7 thoughts on “Roll Call: How your senator voted on imposing registration with fee for rental housing

  1. Considering the abominable conditions I have seen in a quarter-century of visiting apartments in Vermont, I feel having fewer than five inspectors funded would be grossly inadequate.

  2. So no more yurt or cabin rentals – you know – off the grid housing that is not tied into the grid?
    In Vermont, this is SO FEKKED up.
    Seriously.
    We have absolutely gone off the rails with government overreach.
    Its like we’re a bunch of children, and only our gov’t agencies can decide how we adult Vermonters want to live.
    Oh wait…that would be the patriarchal fascist communist model…2022 style.
    Government IN our lives.
    Welcome to fascist tyranny and Chinarmont.

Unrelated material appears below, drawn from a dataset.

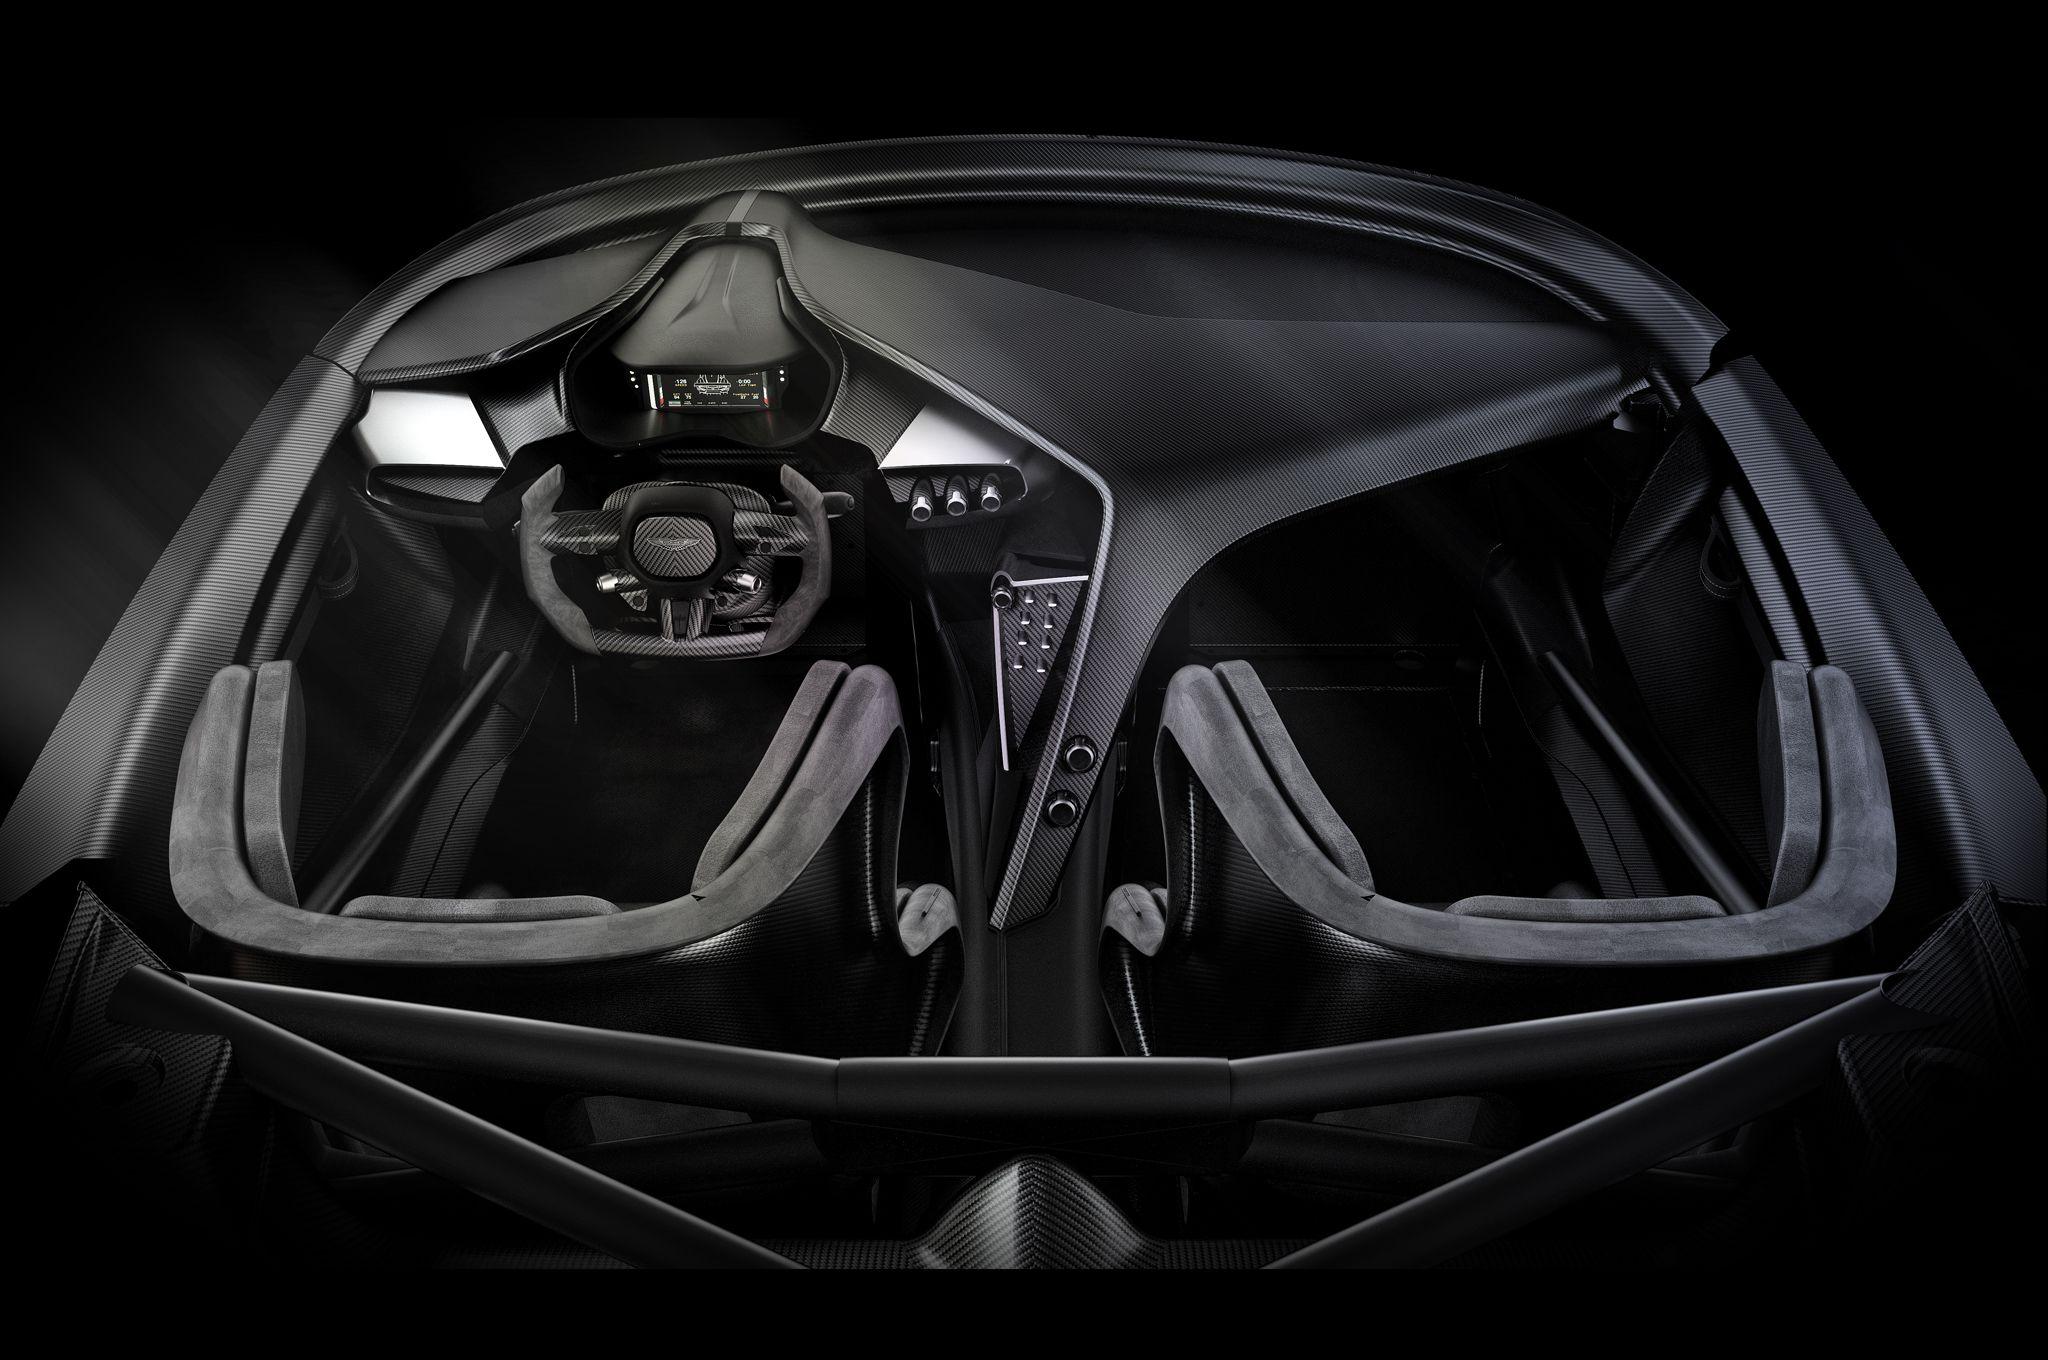 Aston Martin Vulcan First Look Aston Martin Vulcan Luxury Car Interior Aston Martin

  3. Landlords will raise the rent to cover the registration fee. People of color are prioritized???? Reverse discrimination.

  4. Crisis is to politicians what blood is to vampires – and you are the victim. If a problem exists, make it worse. If one doesn’t exist, create one. Hire a slew more paperpushers to manage it, enlarge their department and send you the bill (and the confusing, largely irrelevant paperwork to fill out and submit). I suspect the basis for much of what government does is to make anything that could normally be done without government involvement sufficiently complicated that the private sector will give up doing it.

  5. A country with more and more people working for government directly or indirectly is unsustainable.They will confiscate everything you own for their own secure paycheck,healthcare,and pensions.They think the work that they do is important and real.The country is looking strikingly similar to the Soviet Union just before the collapse.This should scare the public at large more than any other potential threat.
    We need a lot less fees,licensing,permits,and taxes in order to pull ourselves out of this drowning malaise.
    That doesn’t mean allowing pollution be unchecked for air,earth,and water in the name of commerce.Bankruptcy should not prevent clawback of assets gained through LLC abuse or protection. Environmental damages done should be able to go so far as take property owned by those responsible.You will find that corporation will police themselves much better under the threat of losing it all.